Islam menciptakan beberapa instrumen untuk memastikan keseimbangan pendapatan di masyarakat seperti zakat infak shadaqah dan wakaf. Instrumen ini dikedepankan dalam agar tercipta   keseimbangan dalam perekonomian, karena tidak semua orang mampu terlibat dalam proses ekonomi akibat cacat, jompo atau yatim piatu. Oleh karenanya Allah itu melipatgandakan pahala orang yang menginfakkan hartanya dijalan Allah. Dalam bahasan normatif di atas, akses etika ekonomi untuk pembahasan mekanisme distribusi pendapatan atas hak kepemilikan materi/ kekayaan dalam Islam mencerminkan beberapa hal berikut:  pemberlakuan hak kepemilikan individu pada suatu benda, tidak menutupi sepenuhnya akan adanya hak yang sama bagi orang lain , negara mempunyai otoritas kepemilikan atas kepemilikan individu yang tidak bertanggung jawab terhadap hak miliknya , dalam hak kepemilikan berlaku sistematika konsep takaful (jaminan sosial), hak milik umum dapat menjadi hak milik pribadi ,  Konsep hak kepemilikan dapat meringankan sejumlah konsekuensi hukum syariah (hudud) , konsep kongsi merujuk kepada sistem bagi hasil sesuai dengan kesepakatan Islam sangat mendukung pertukaran barang dan menganggapnya produktif dan mendukung para pedagang yang berjalan di muka bumi mencari sebagian dari karunia Allah, dan membolehkan orang memiliki modal untuk berdagang, tapi ia tetap berusaha agar pertukaran barang itu berjalan atas prinsip- prinsip syariah

Etika distribusi dalam ekonomi Islam adalah norma-norma atau kaidah etik Proses penyimpanan dan penyaluran produk kepada pelanggan berdasarkan prinsip-prinsip Islami yaitu mencari keuntungan yang wajar, distribusi yang meluas, keadilan sosial dan larangan ikhtikar(penimbunan) . Etika distribusi yang berbasis Islam menghendaki bahwa dalam hal pendistribusian harus berdasarkan dua sendi, yaitu sendi kebebasan dan keadilan kepemilikan. Kebebasan disini adalah kebebasan dalam bertindak yang di bingkai oleh nilai-nilai agama dan keadilan tidak seperti pemahaman kaum kapitalis yang menyatakannya sebagai tindakan membebaskan manusia untuk berbuat dan bertindak tanpa campur tangan pihak mana pun, tetapi sebagai keseimbangan antara individu dengan unsur materi dan spiritual yang dimilikinya, keseimbangan antara individu dan masyarakat serta antara suatu masyarakat dengan masyarakat lainnya.
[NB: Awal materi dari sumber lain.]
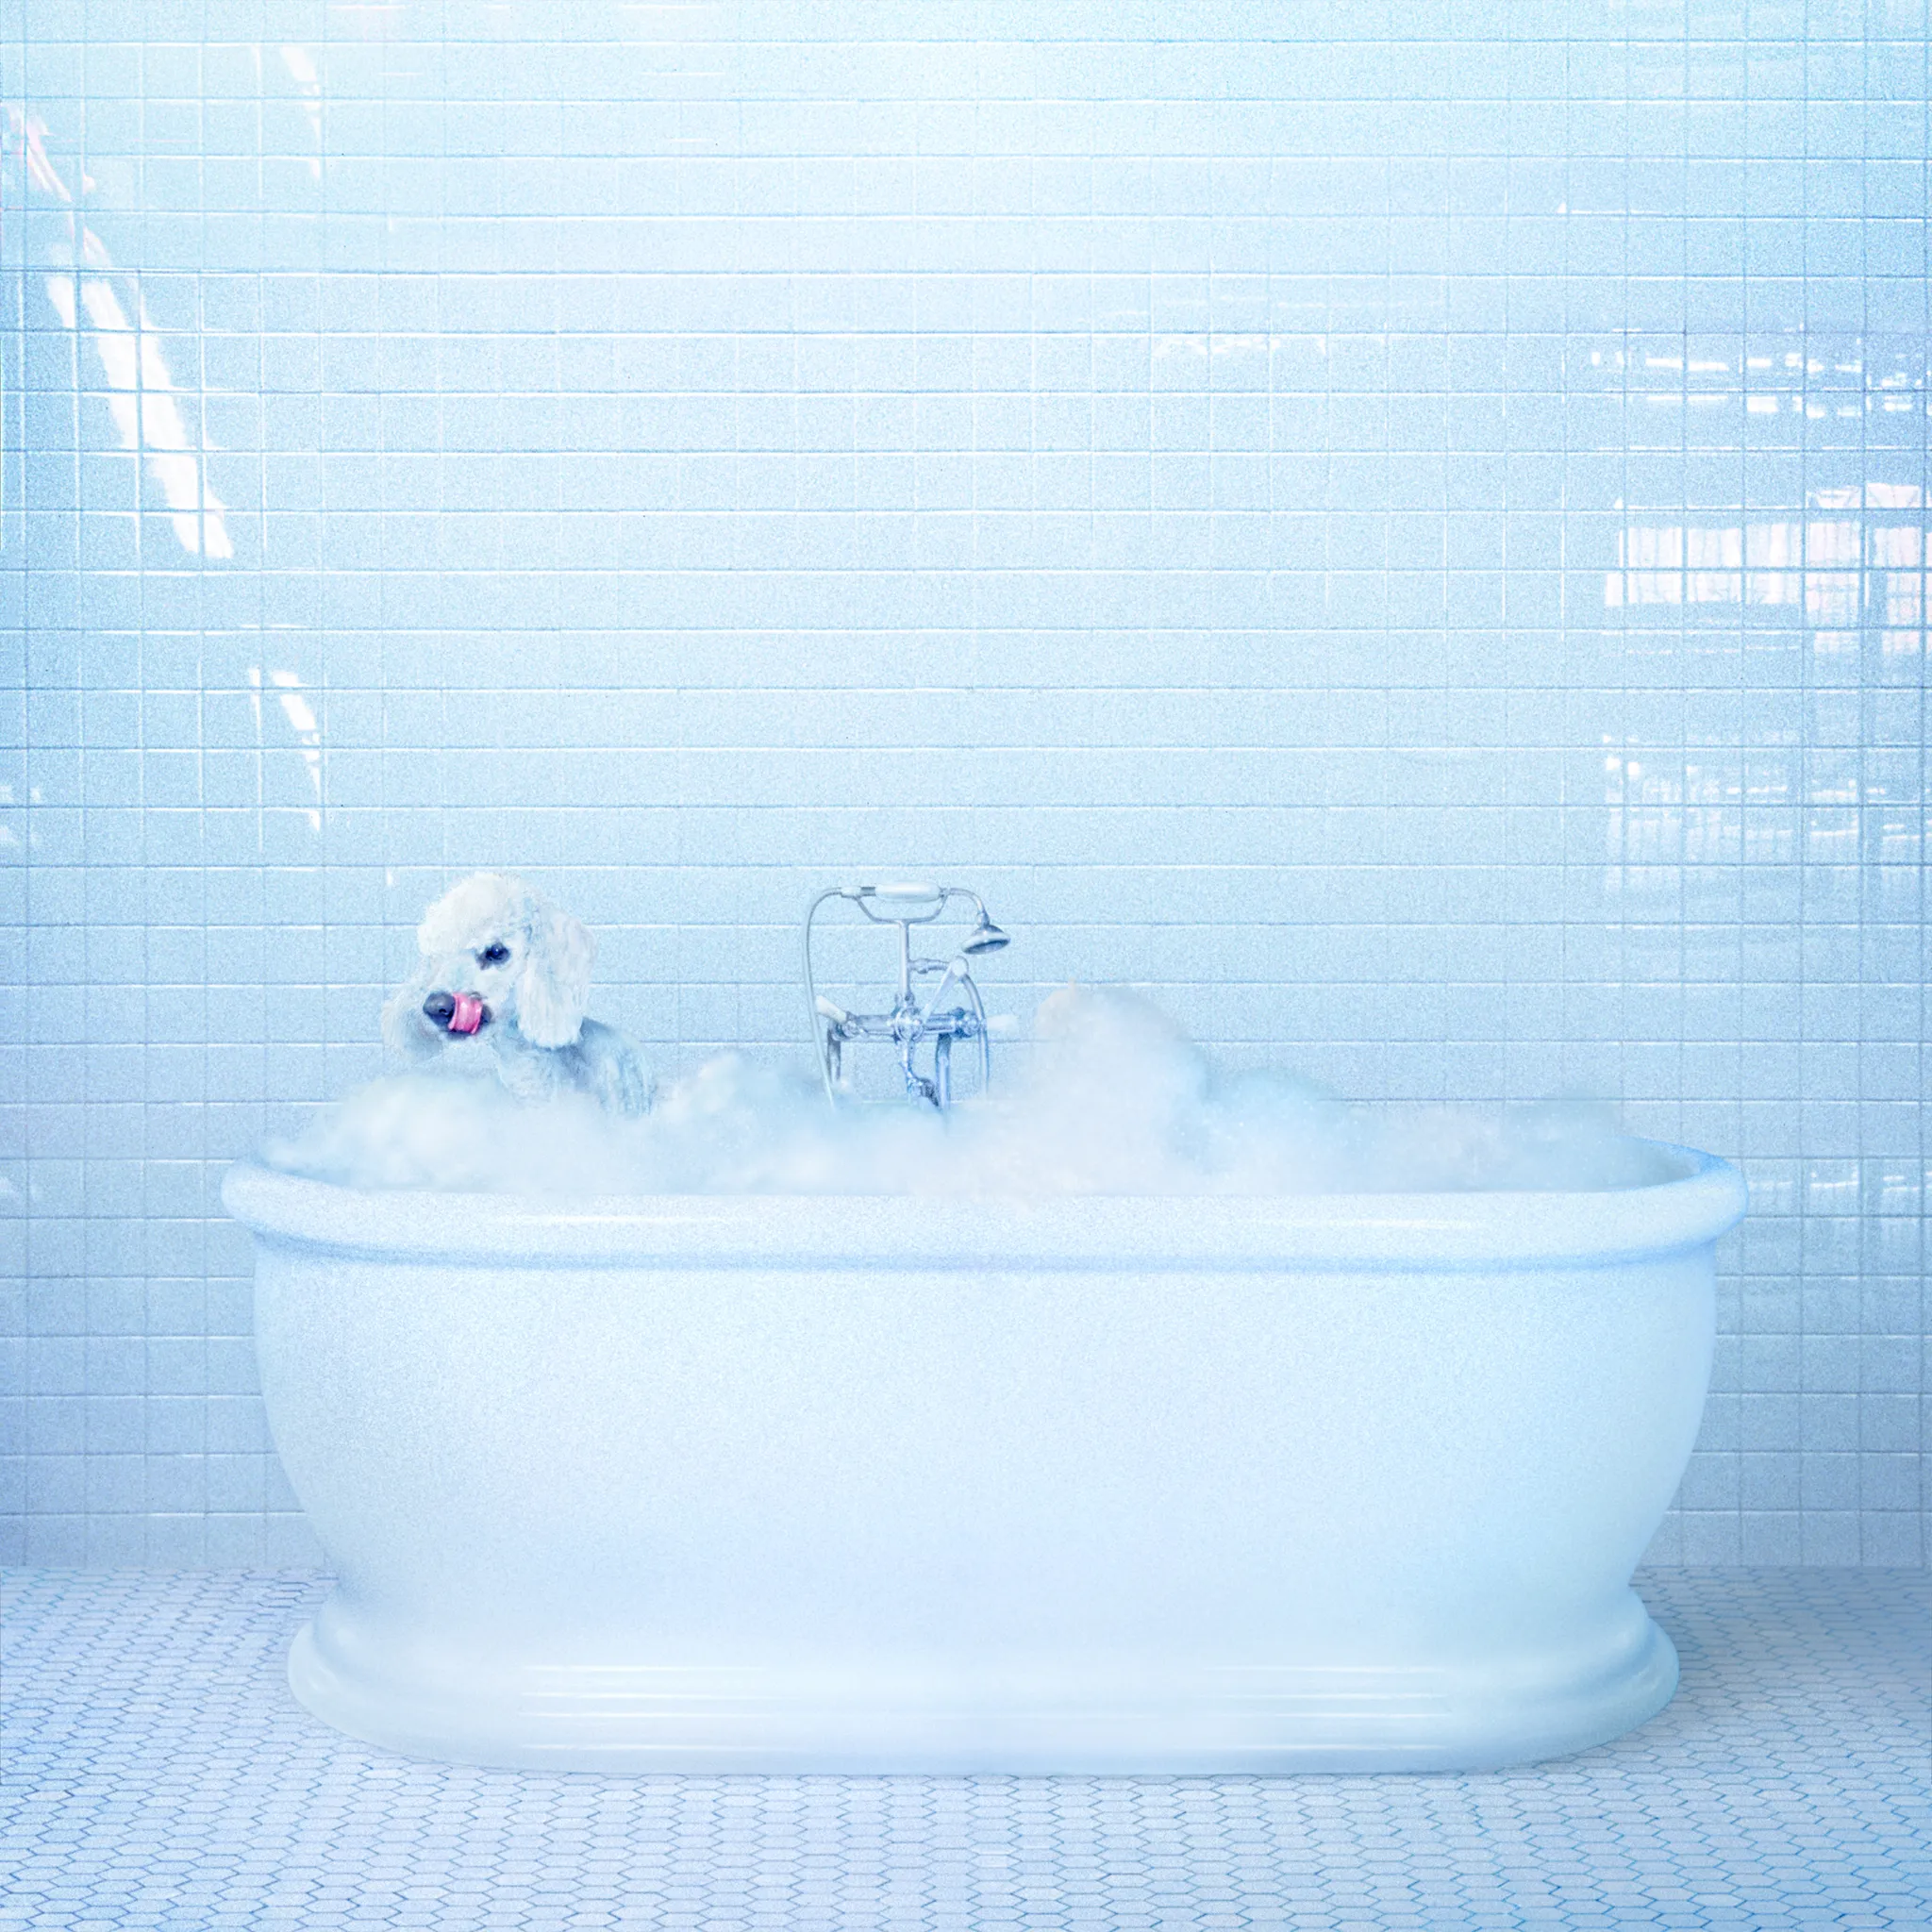 <strong>Frankie Cosmos - Vessel</strong> (Cd)
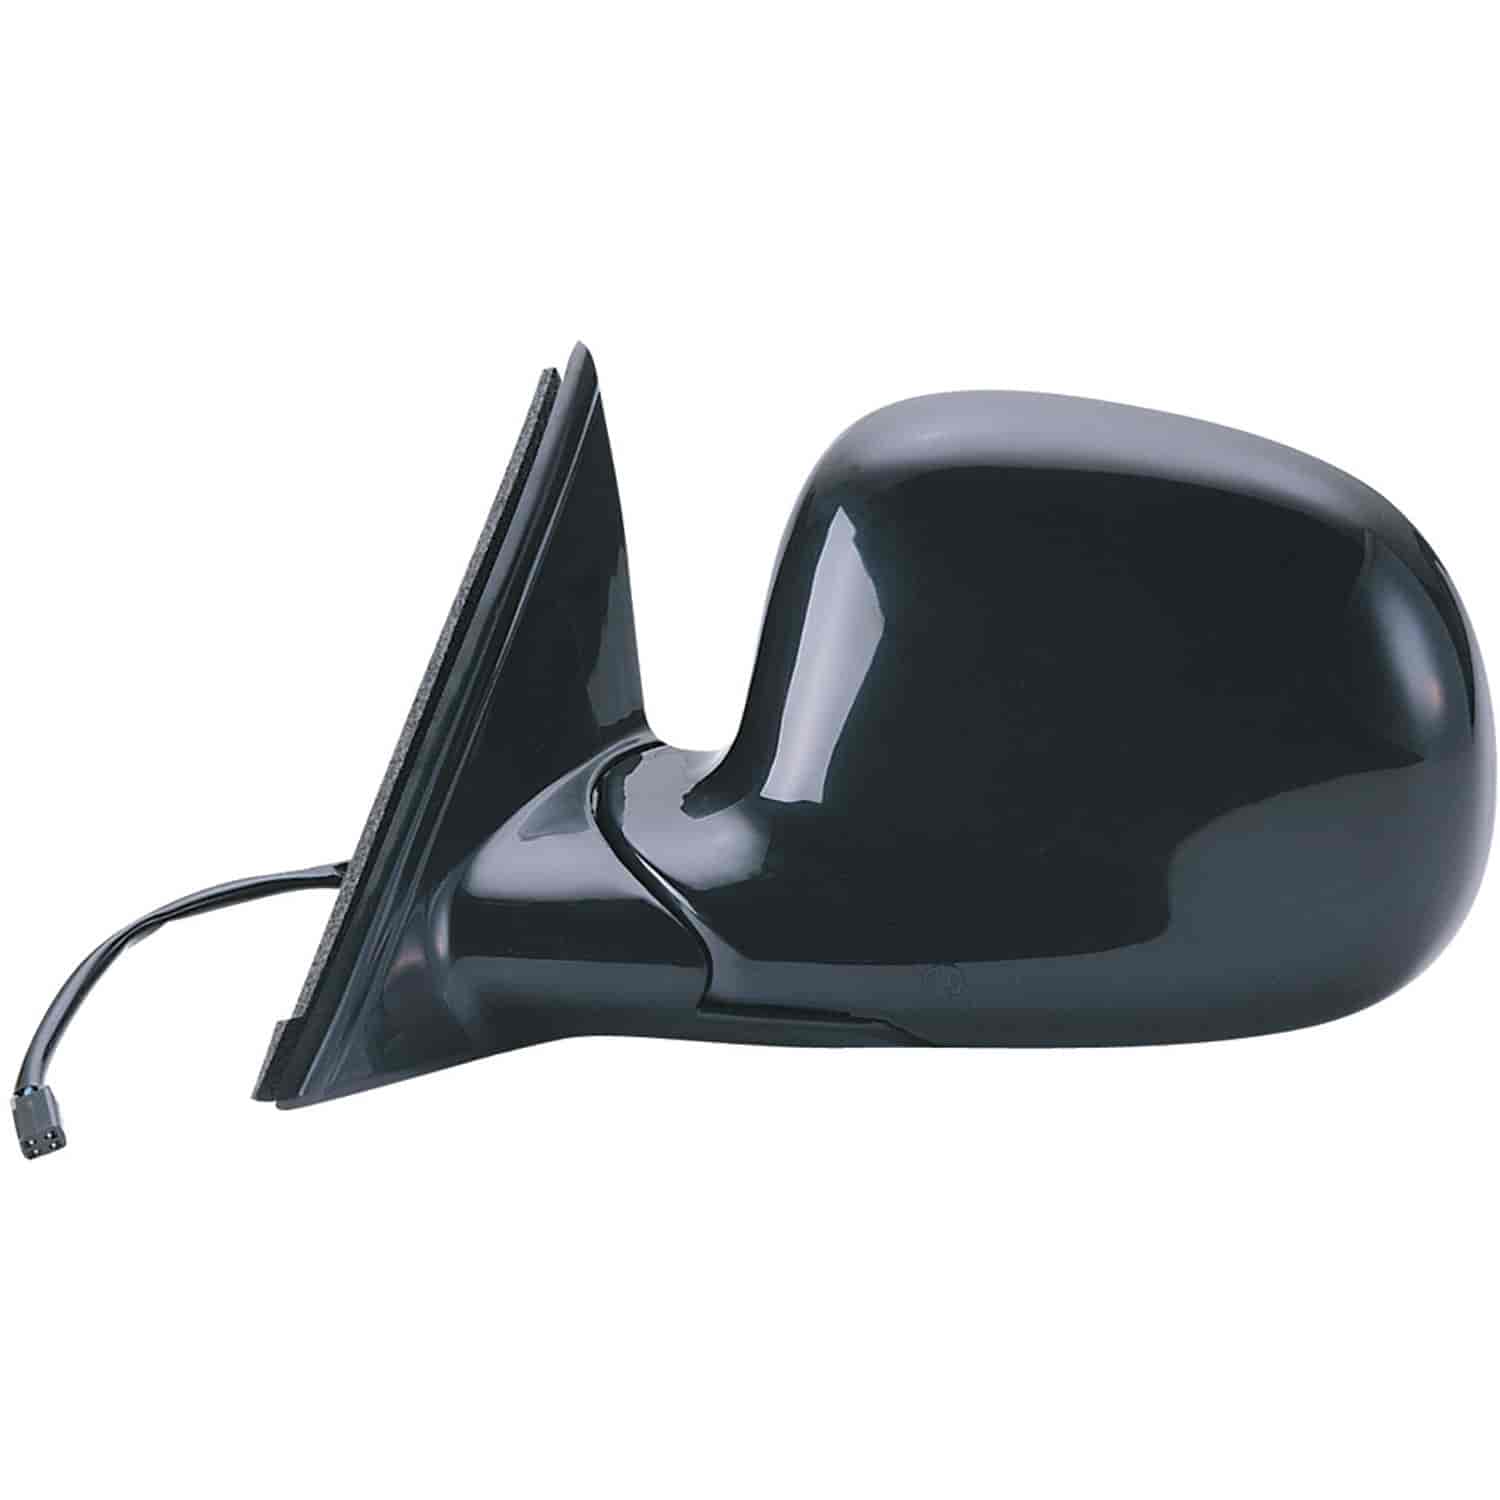 OEM Style Replacement mirror for 95-97 Blazer/ Jimmy/

Distribusi dalam ekonomi Islam didasarkan pada nilai-nilai manusiawi yang sangat mendasar dan penting, yaitu nilai kebebasan dan nilai keadilan. Kebijakan distribusi yang ditawarkan ekonomi Islam dengan tidak berpihak hanya pada salah satu agen ekonomi, dan diperkuat dengan prinsip-prinsip yang jelas memberikan arahan bahwa keadilan ekonomi harus ditegakkan. Namun menciptakan keadilan ekonomi akan sulit terwujud jika tidak melibatkan peran institusi yang ada seperti halnya pemerintah dan masyarakat. Oleh sebab itu, peran kedua instrumen tersebut sangat dibutuhkan, karena kebijakan distribusi akan ter aplikasikan dengan baik ketika kedua institusi yang ada bekerja. Langkah awal yang dapat dilakukan ialah memberikan pemahaman yang sejelas-jelasnya kepada pemerintah dan masyarakat selaku institusi ekonomi bahwa terciptanya keadilan ekonomi merupakan tanggung jawab bersama, bukan hanya tanggung jawab salah satu institusi yang ada, melainkan tanggung jawab bersama selaku agen ekonomi dan institusi ekonomi. Ketika institusi tersebut bekerja, keadilan diharapkan akan tercipta untuk memberi dampak pada tersebarnya harta secara adil di masyarakat yang akan menggerakkan ekonomi rakyat.